Bark bread is a form of famine food made by adding ground phloem to the flour as an extender to make it last longer.

Bark bread seems to be a primarily Scandinavian tradition. Mention of it is found in medieval literature and may have an even older tradition among the Sami people.

During the 18th and early 19th century Northern Europe experienced several very bad years of crop failure, particularly during the Little Ice Age of the mid-18th century. The grain harvest was badly affected, and creative solutions to make the flour last longer were introduced. In 1742, samples of "emergency bread" were sent from Kristiansand, Norway, to the Royal Administration in Copenhagen, among them bark bread, bread made from grainless husks and bread made from burned bones. During the Napoleonic Wars, moss too was used for human consumption.

The last time bark bread was used as famine food in Norway was during the Napoleonic Wars. The introduction of the potato as a staple crop gave the farmers alternative crops when grain production failed, so that bark bread and moss cakes were no longer needed. In Northern Sweden, traces of Sami harvest of bark from Scots pine are known from the 1890s, and in Finland pettuleipä (literally "pinewood-bark bread") was produced as ersatz bread during the Finnish Civil War of 1918.

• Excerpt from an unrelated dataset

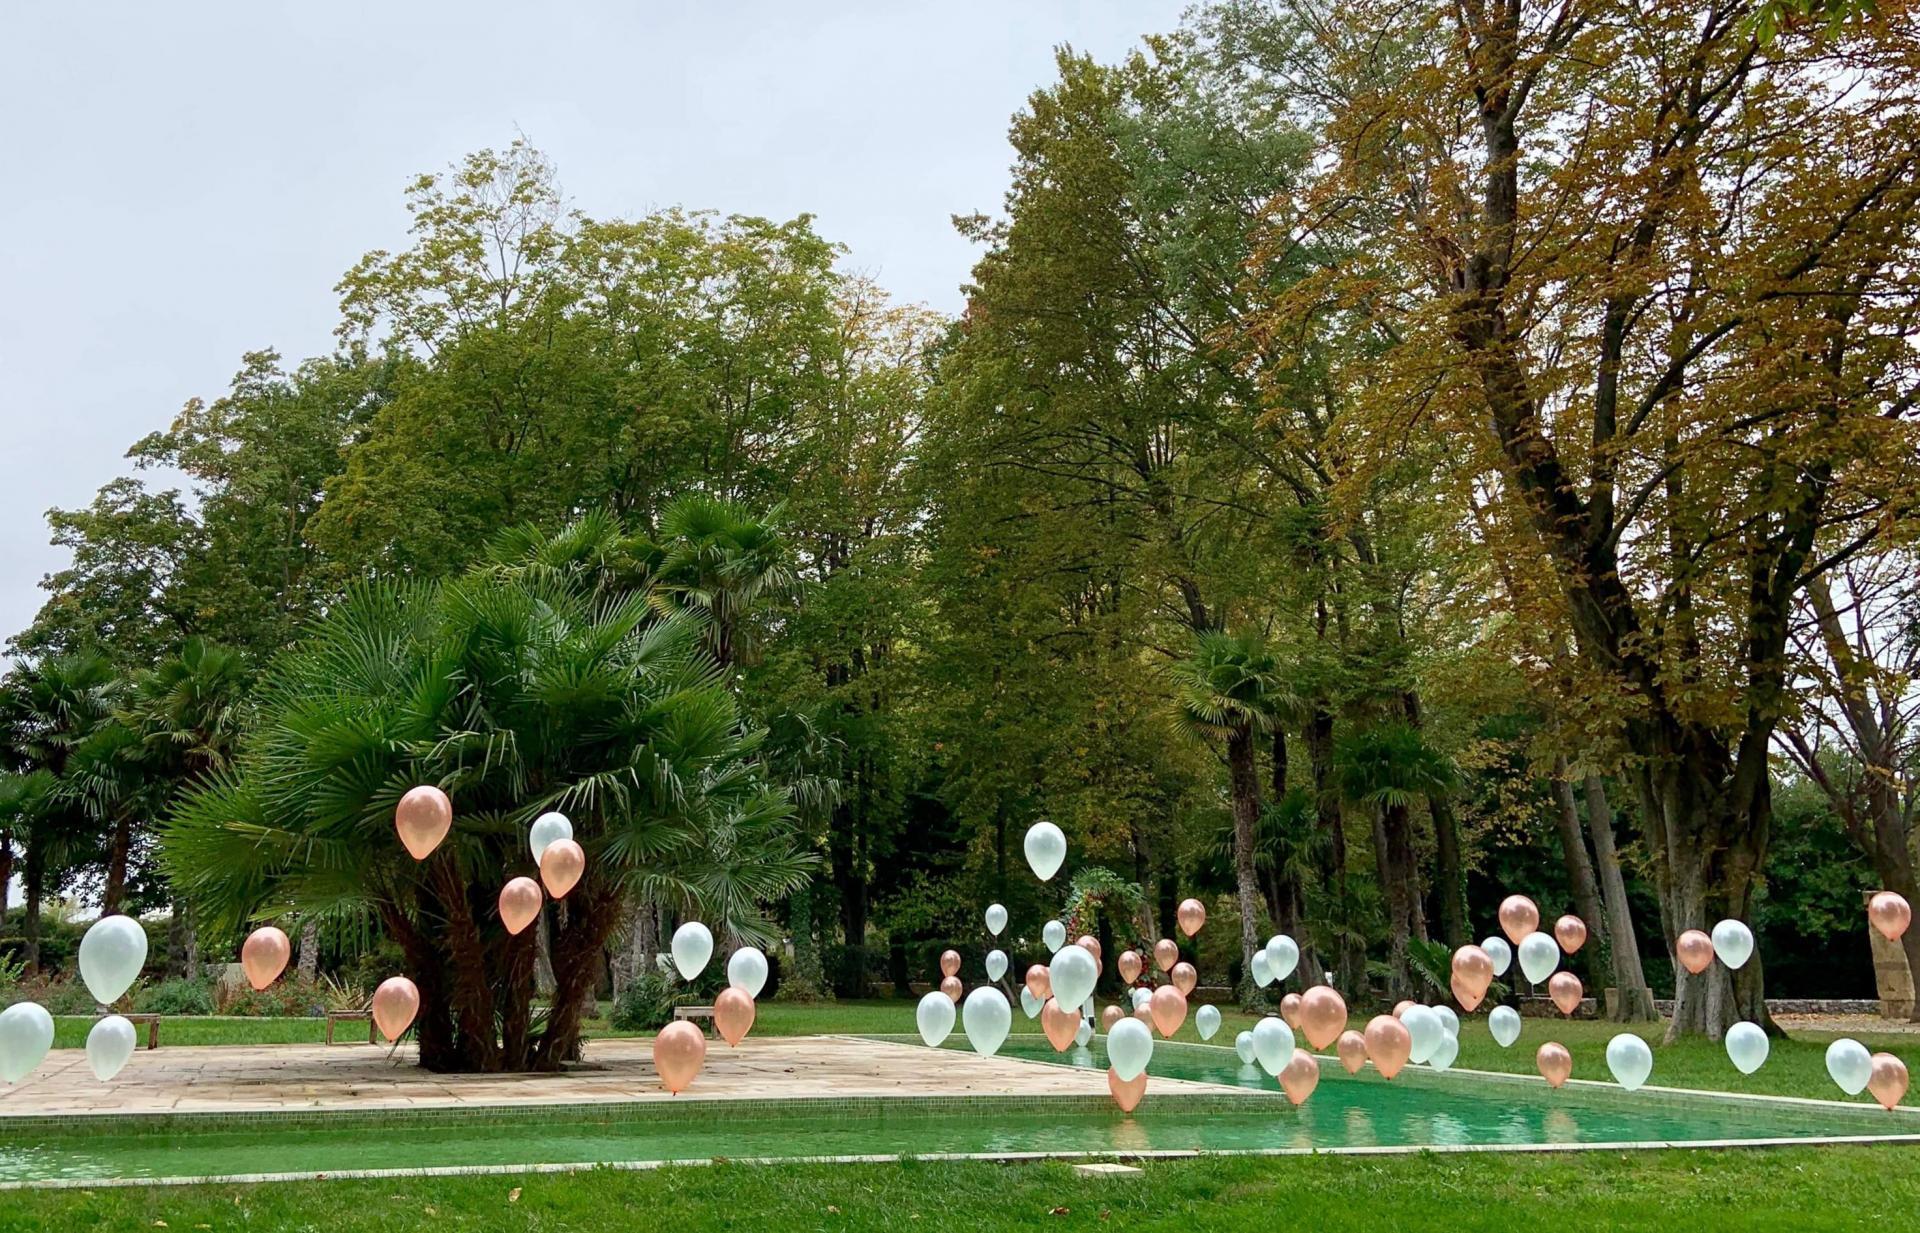 Hélium et ballons 30 cm
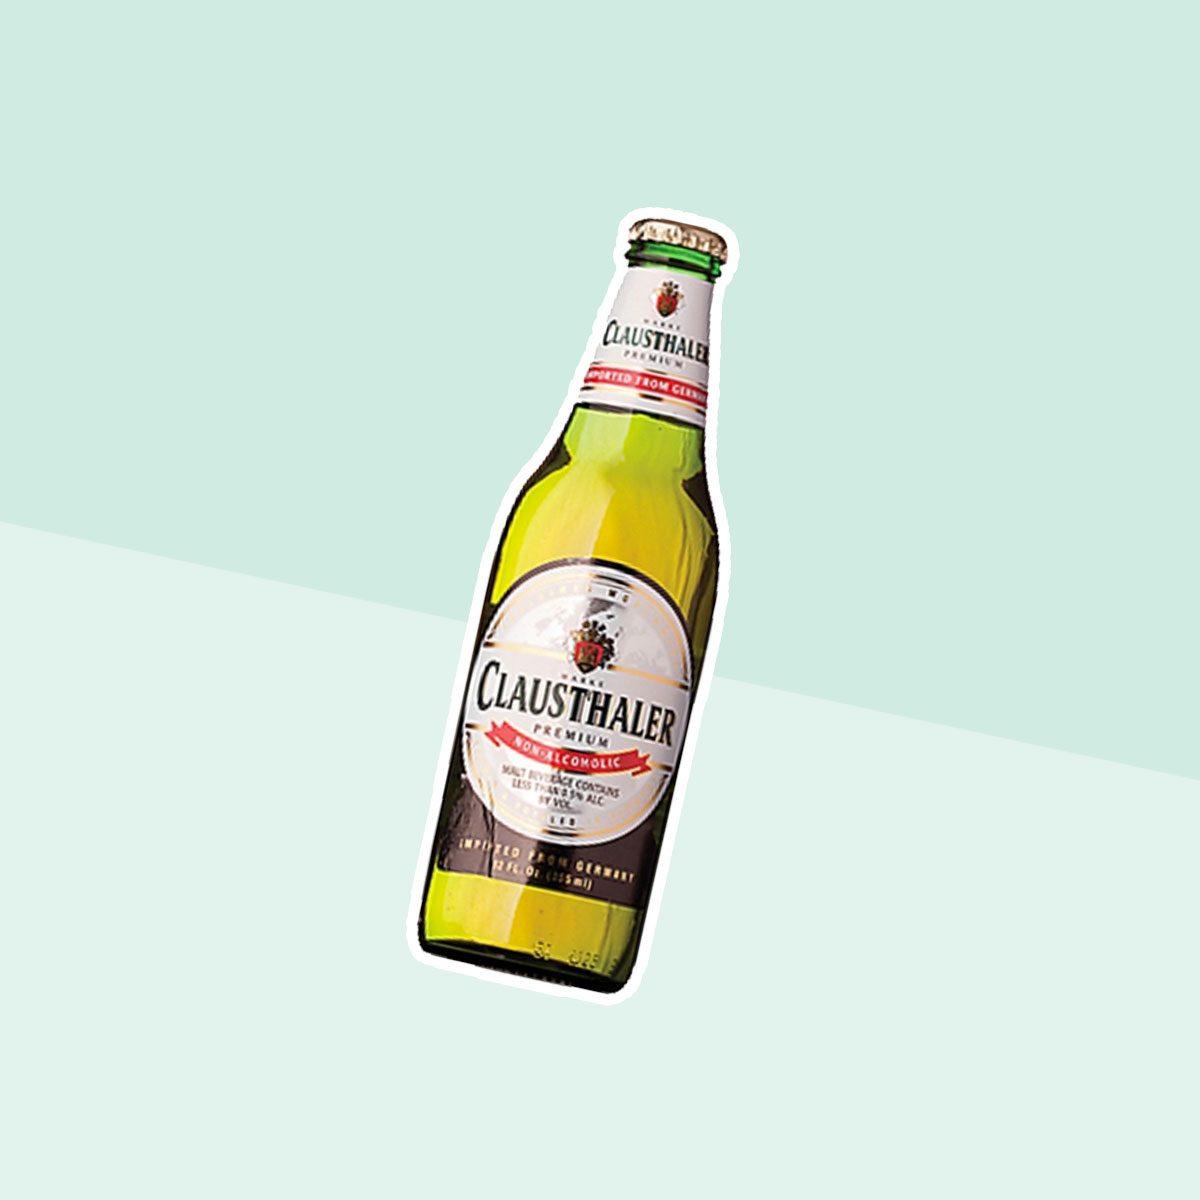 Clausthaler Premium Non-Alcoholic

Finger sized twigs and branches were collected from deciduous trees and shrubs, and the bark split and the inner bark (the phloem and sometimes the vascular cambium) collected while still fresh. The yellow or green inner bark (depending on tree species) was dried over open fire, in an oven or dried in the sun for a few days. A mortar or mill was used to grind the bark to a fine powder to add to the flour. The dried bark pieces could also be added directly to the grain during milling. The bread was then baked the normal way adding yeast and salt.